Seems that all of the actual sends in this function are gated on if the cache is actually empty, so I think that's effectively done.
There was a problem hiding this comment.
It doesn't look like SendPINOverTheAir and GetPINCode are gated
There was a problem hiding this comment.
Ah yeah, my bad. Seems like this was 1-1 copied from the current Zigbee Lock handling (which is now in legacy-handlers), and the capability cache checks have just been moved to the new capabilities.
|
|
||
| if (credential_index == device:get_field(lock_utils.CHECKING_CODE)) then | ||
| -- the credential we're checking has arrived | ||
| local last_slot = device:get_latest_state("main", capabilities.lockCredentials.ID, |
There was a problem hiding this comment.
Are we guaranteed to have pinUsersSupported state at this point or do we need to handle the case where it's not set yet?
| device:emit_event(event) | ||
| end | ||
| local function device_added(driver, device) | ||
| if device:supports_capability_by_id(capabilities.lockCodes.ID) and device._provisioning_state == "TYPED" then |
There was a problem hiding this comment.
This provisioning state typed check should only not be true for devices that are driver switched, do we need to consider the driver switch case wrt migration? I assume this would rarely happen and it it did, it would be a user moving from a custom driver to ours, in which case IMO we can ask them to re-onboard if anything goes wrong.
There was a problem hiding this comment.
FWIW in the matter lock driver, we just have a separate handler for the driverSwitched event that mirrors do_configure, If we want to address the driver switch case, I think we could add handling for the driver switch case by encapsulating the configuration logic in a helper function and just calling that same function from the doConfigure and the driverSwitched handler.

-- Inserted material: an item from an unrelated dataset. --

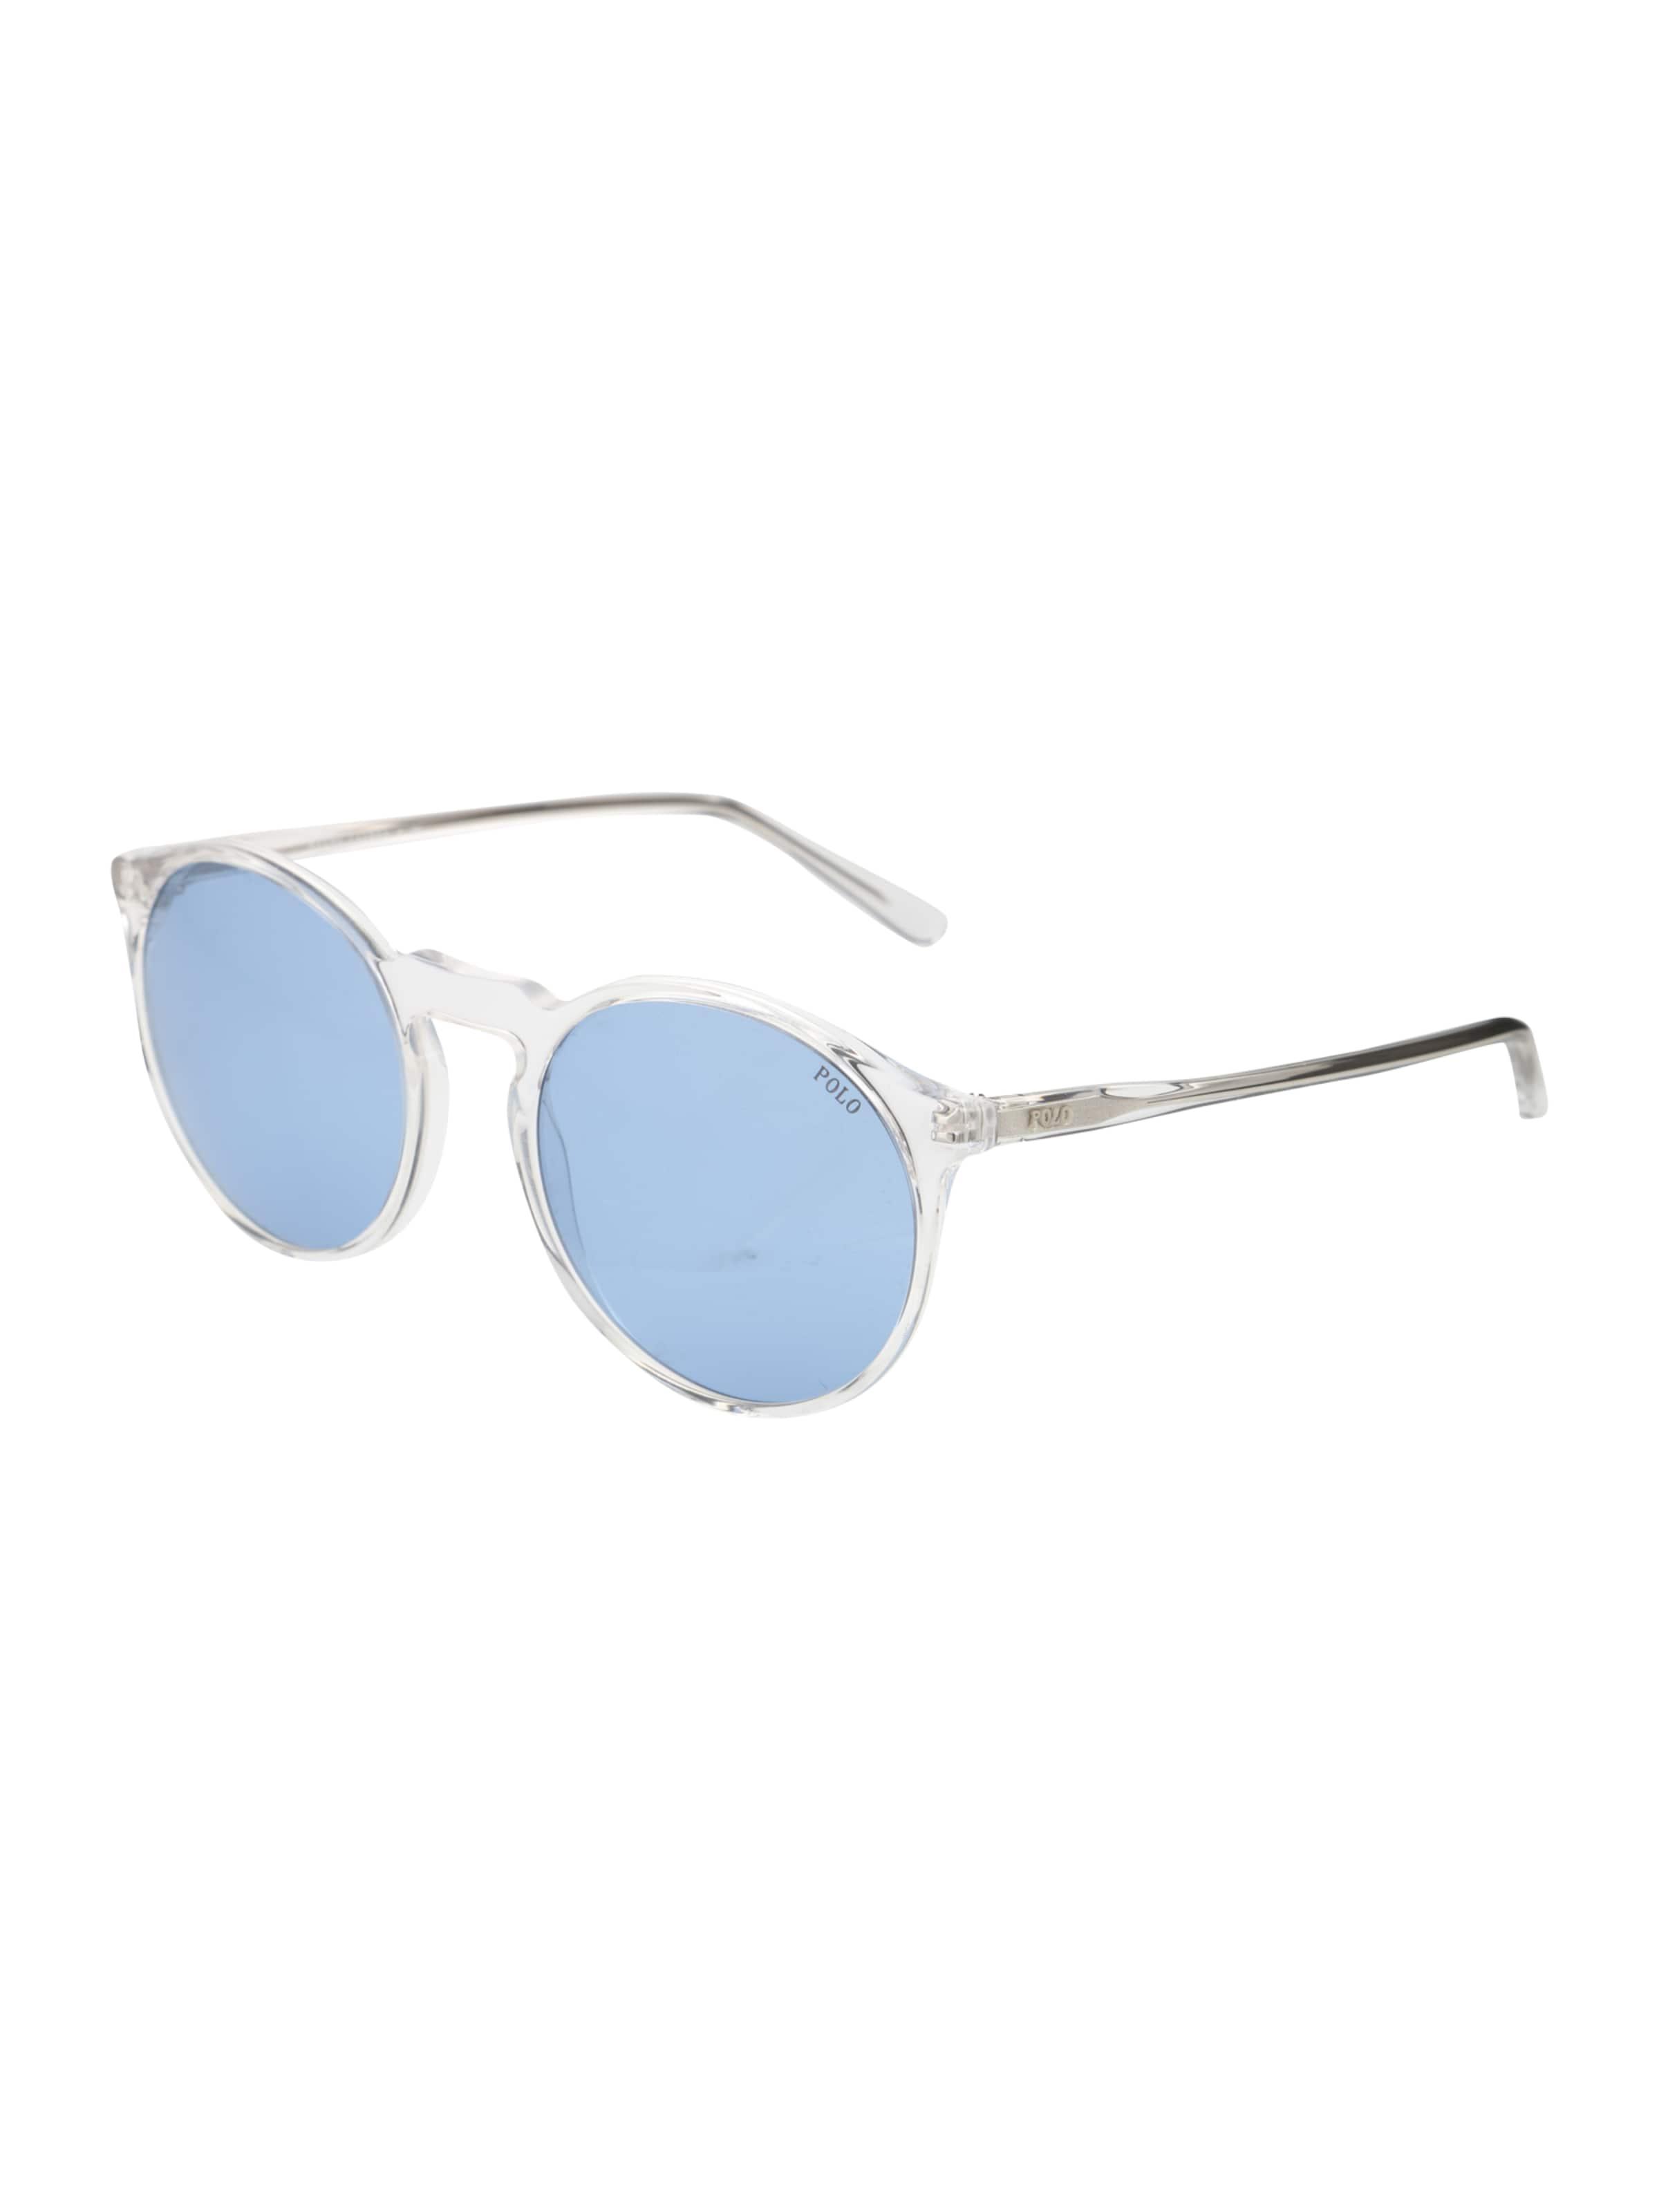 Freies Verschiffen Wirklich Viele Arten Von POLO RALPH LAUREN Casual Sonnenbrille mit Panto-Gestell Billig Erstaunlicher Preis Online Einkaufen Billig Verkauf Zahlung Mit Visa L6SOumMgh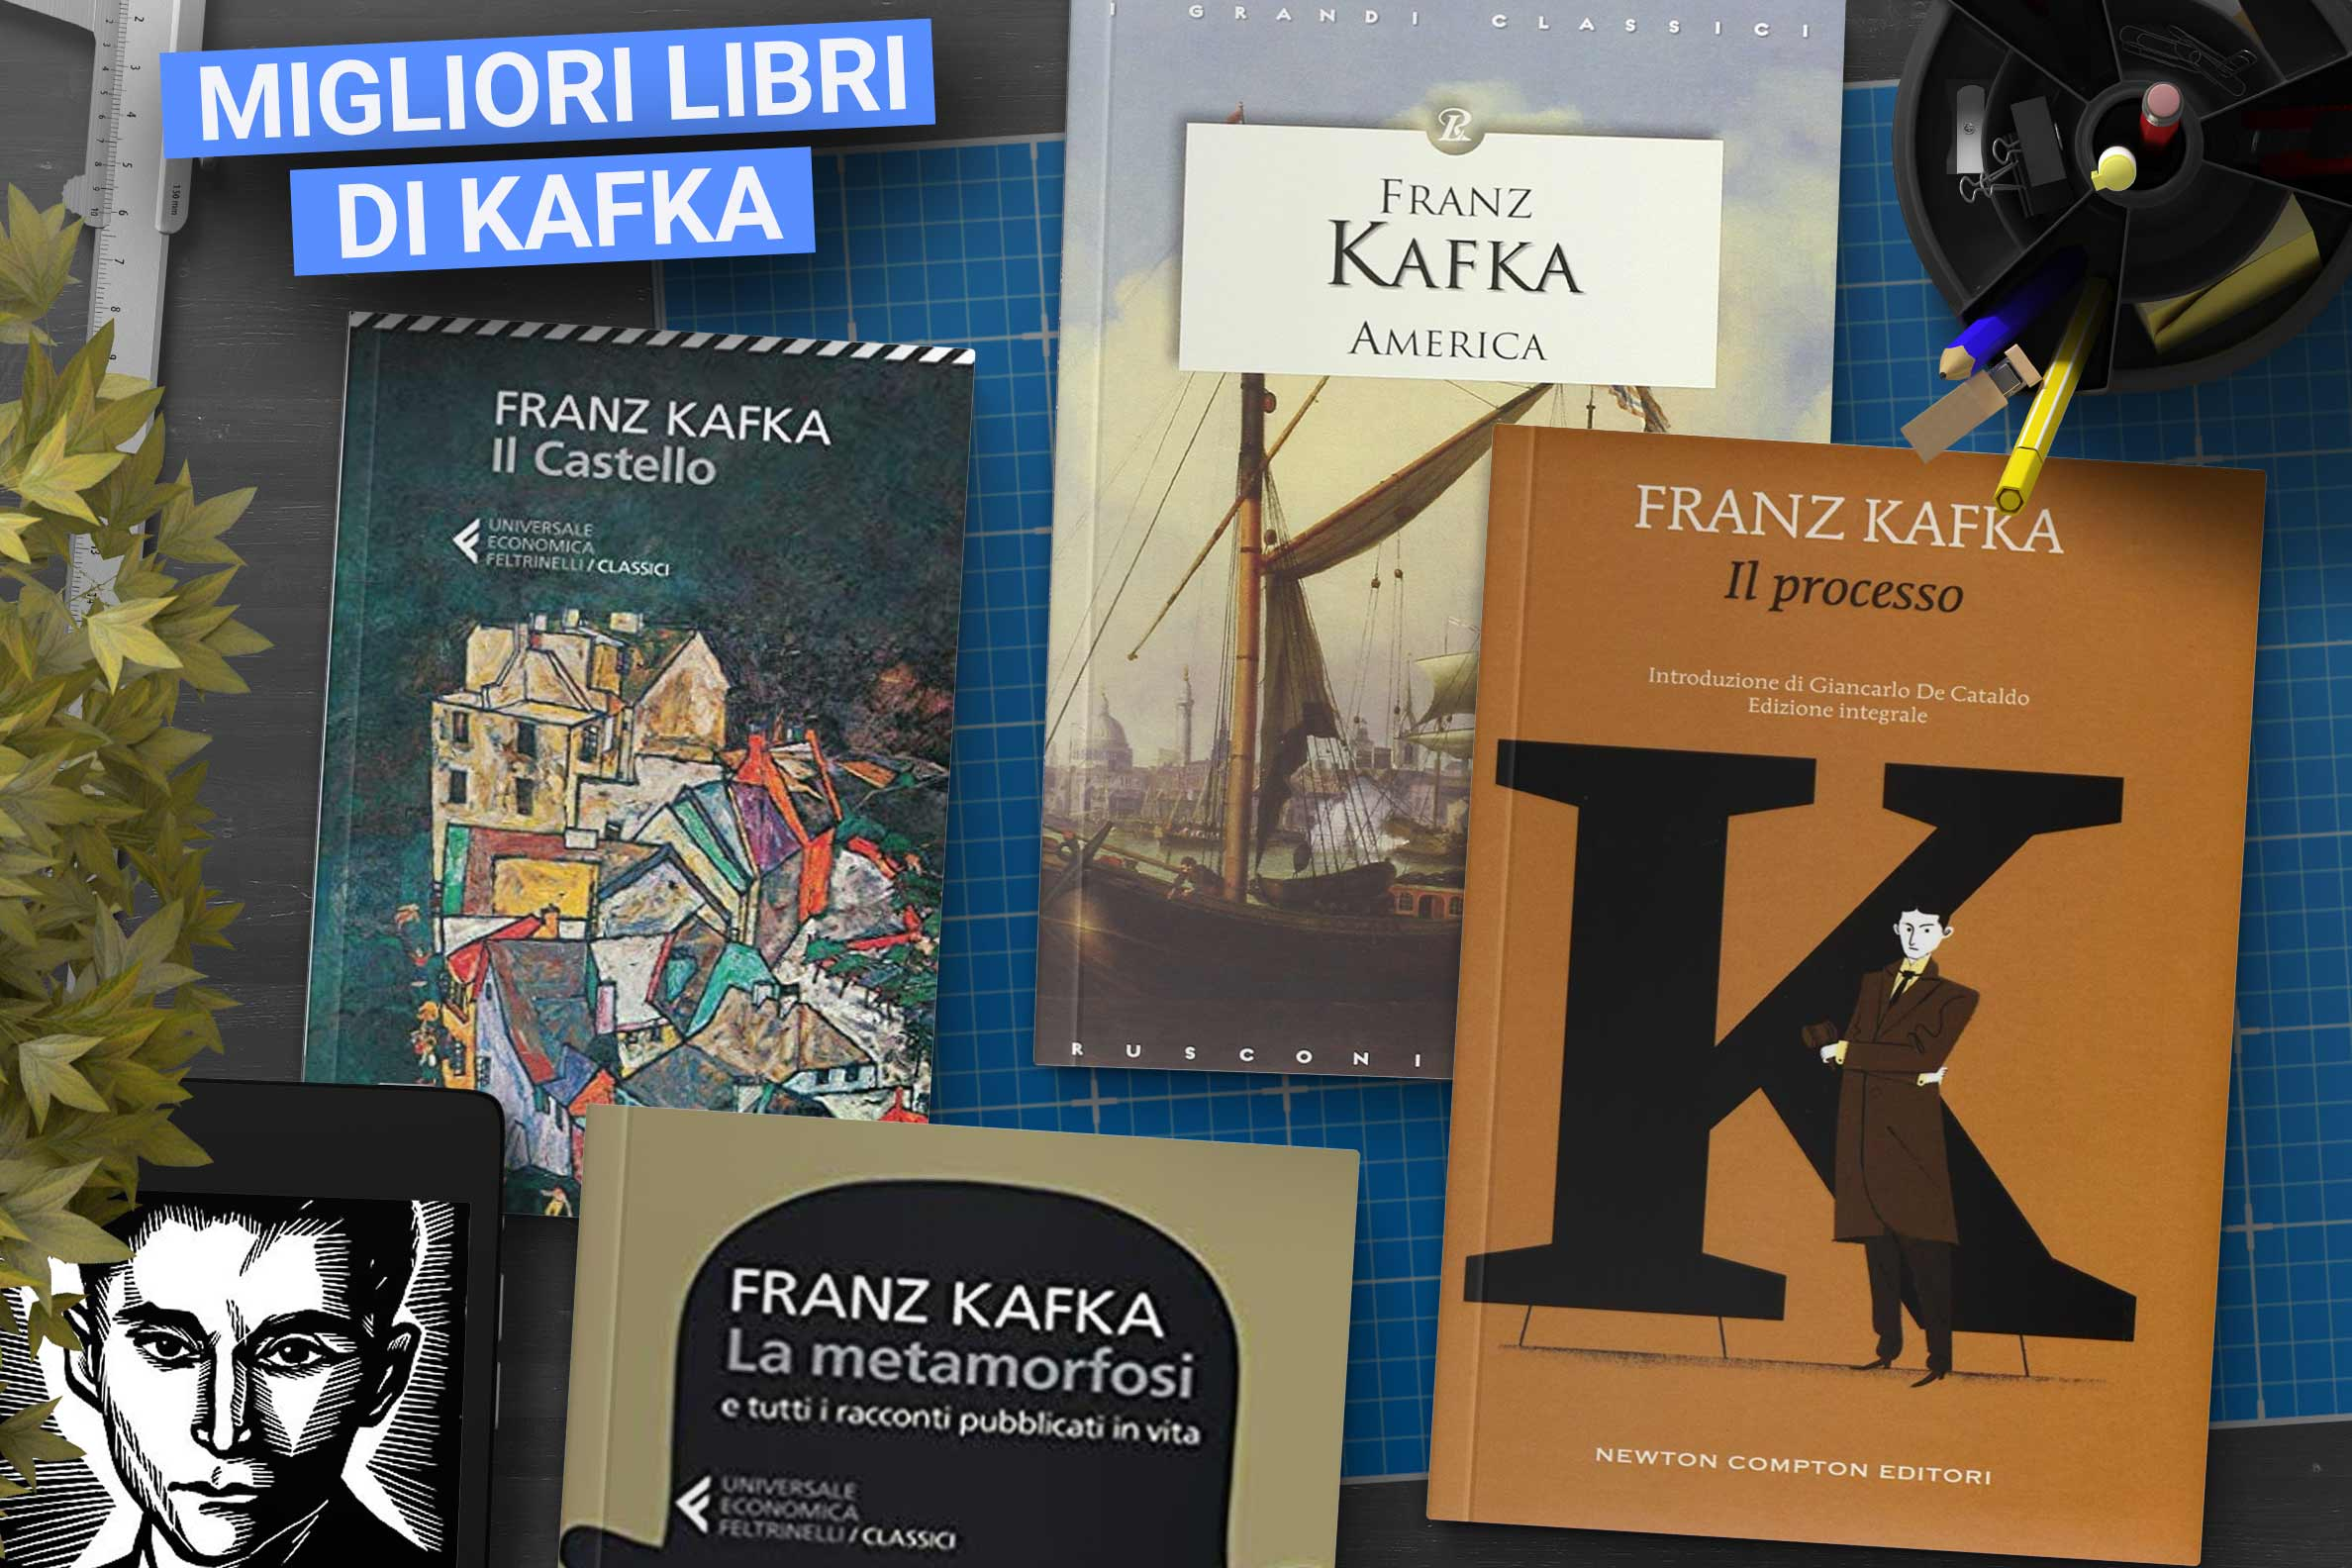 libri-di-kafka

There was a problem hiding this comment.
IMO driver switching locks should be treated like a LAN device, and basically not be supported officially. Should anyone try to do it and face issues, the solution is re-onboarding.
There was a problem hiding this comment.
That was my thinking. Agreed that we could add a driverSwitched handler if we wanted to support that, but it should not match the normal user experience.
There was a problem hiding this comment.
Also, fyi the added handler shouldn't really be related to the SWITCHED state.
| device:emit_event(LockCodes.maxCodeLength(value.value, { visibility = { displayed = false } })) | ||
| local add_user_handler = function(driver, device, command) | ||
| if lock_utils.busy_check_and_set(device, {name = lock_utils.ADD_USER, type = lock_utils.LOCK_USERS}) then | ||
| return |
There was a problem hiding this comment.
If this happens, whats the user experience? Does the app just time out?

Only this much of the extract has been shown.